■ Work item
Once you find the line with "Compact Sleeve in" in the data below, transcribe exactly each line from there to the line with "Australian made, Gift", inclusive, and nothing else. Drop the pictures.

■ Data extracts
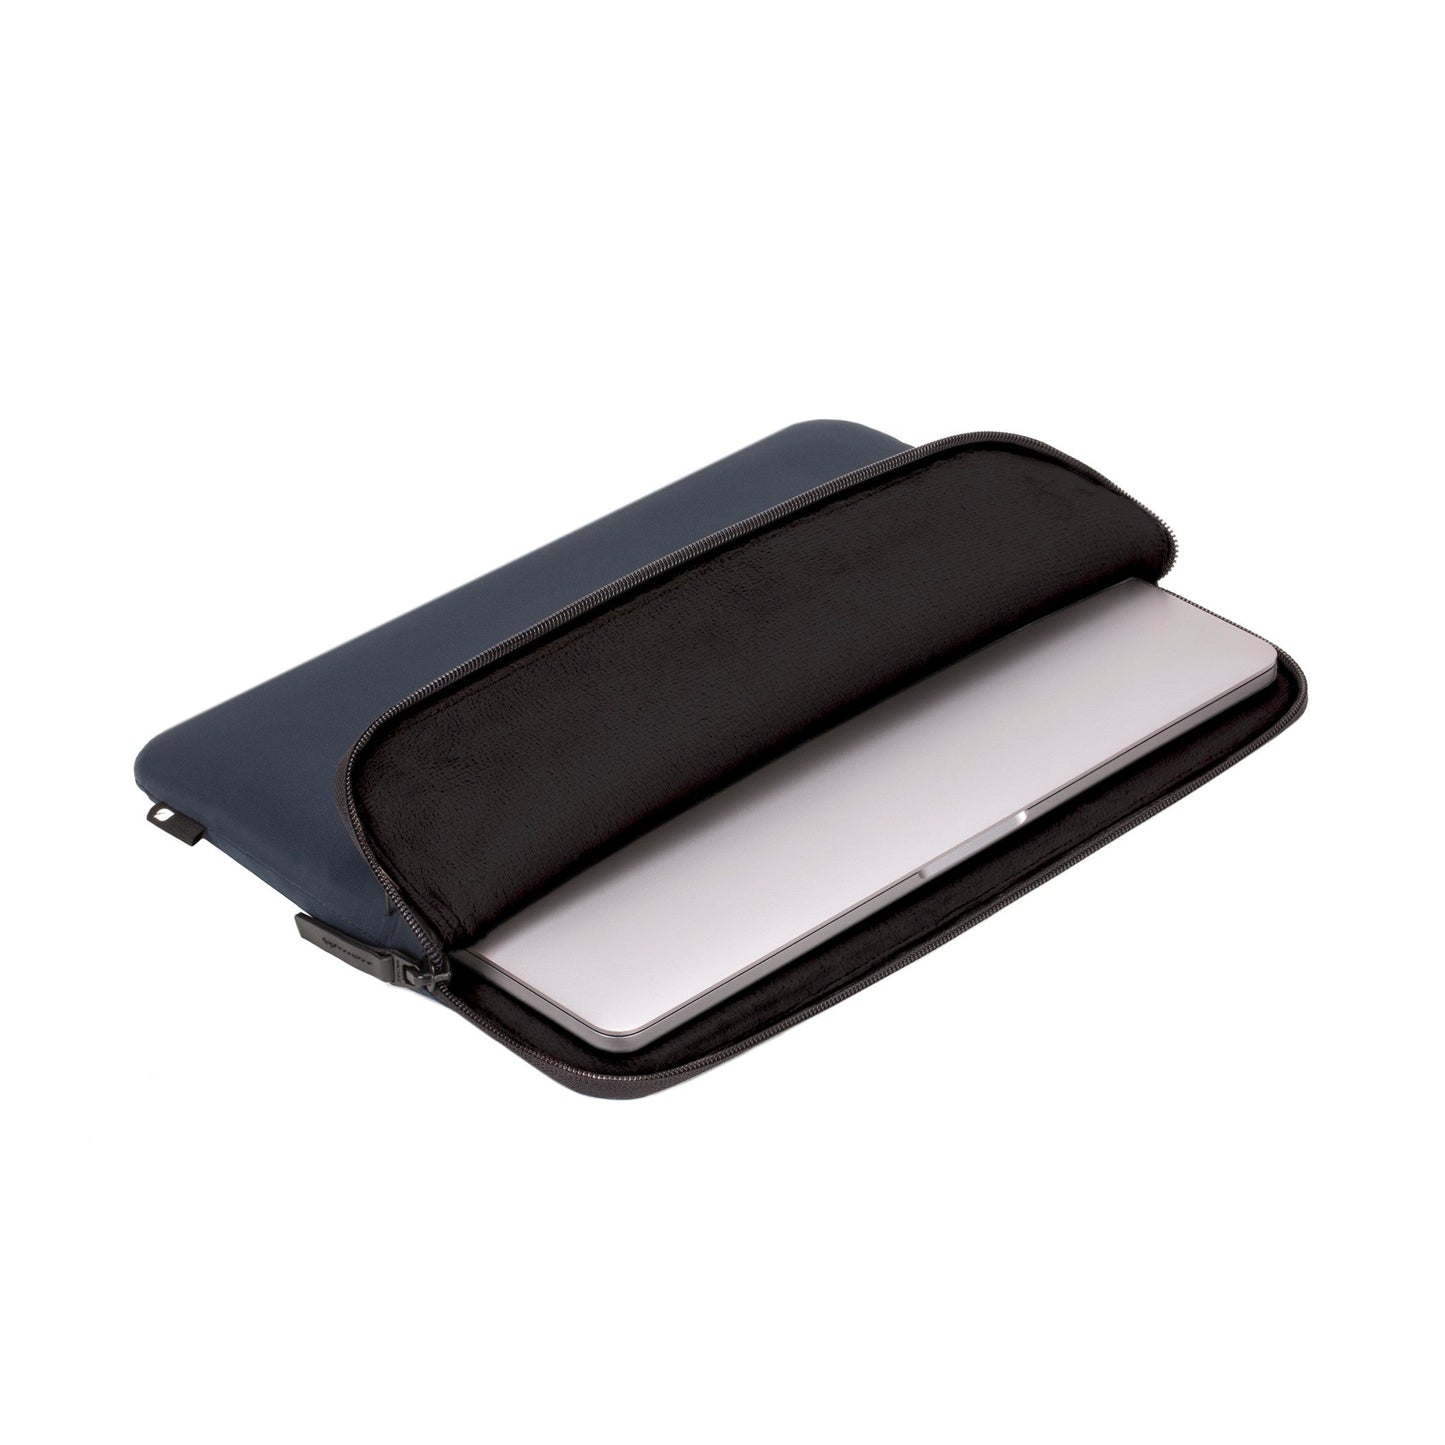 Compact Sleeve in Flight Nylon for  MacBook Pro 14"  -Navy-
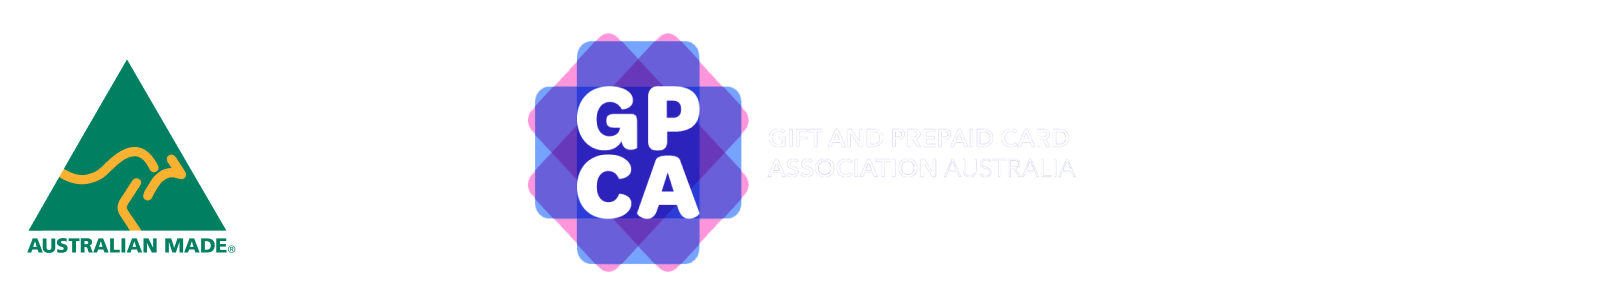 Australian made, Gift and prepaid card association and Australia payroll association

==

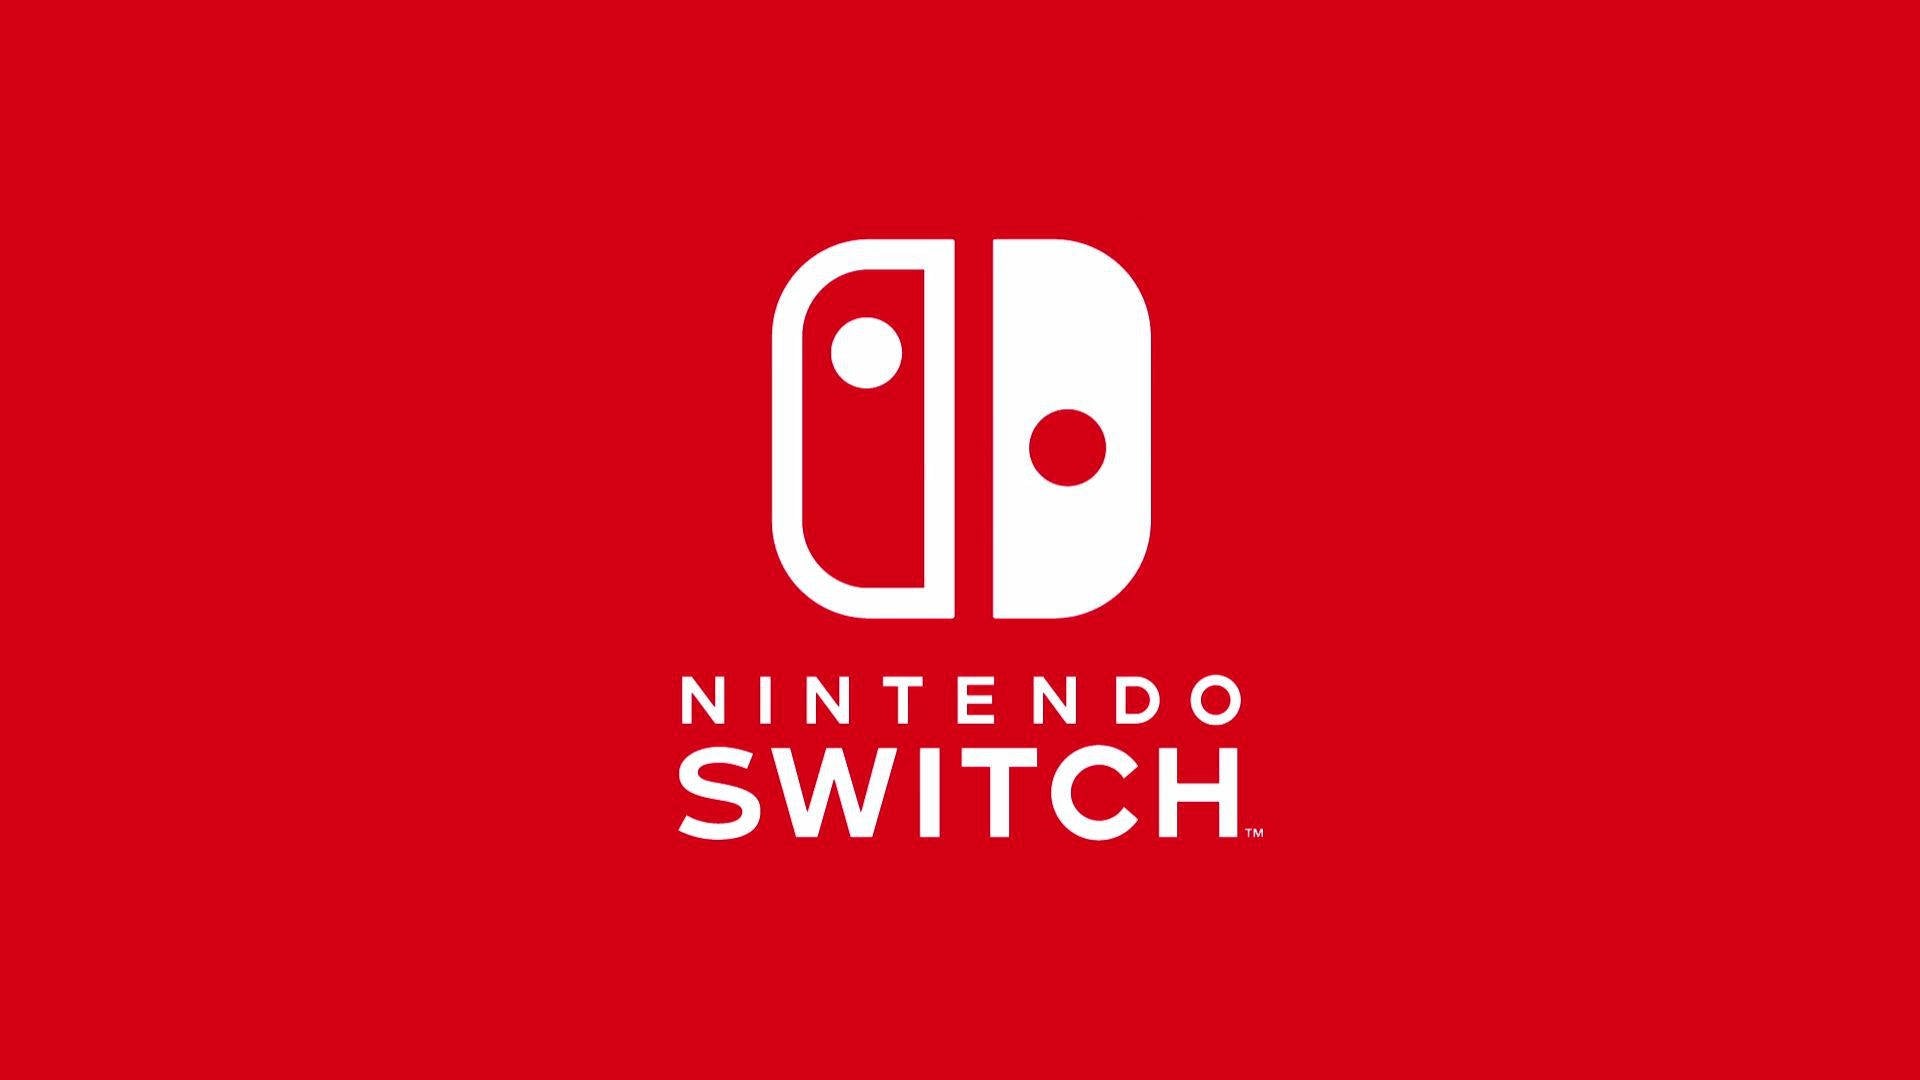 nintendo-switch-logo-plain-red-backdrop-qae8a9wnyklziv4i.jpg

■ Answer space
 Compact Sleeve in Flight Nylon for  MacBook Pro 14"  -Navy-
 Australian made, Gift and prepaid card association and Australia payroll association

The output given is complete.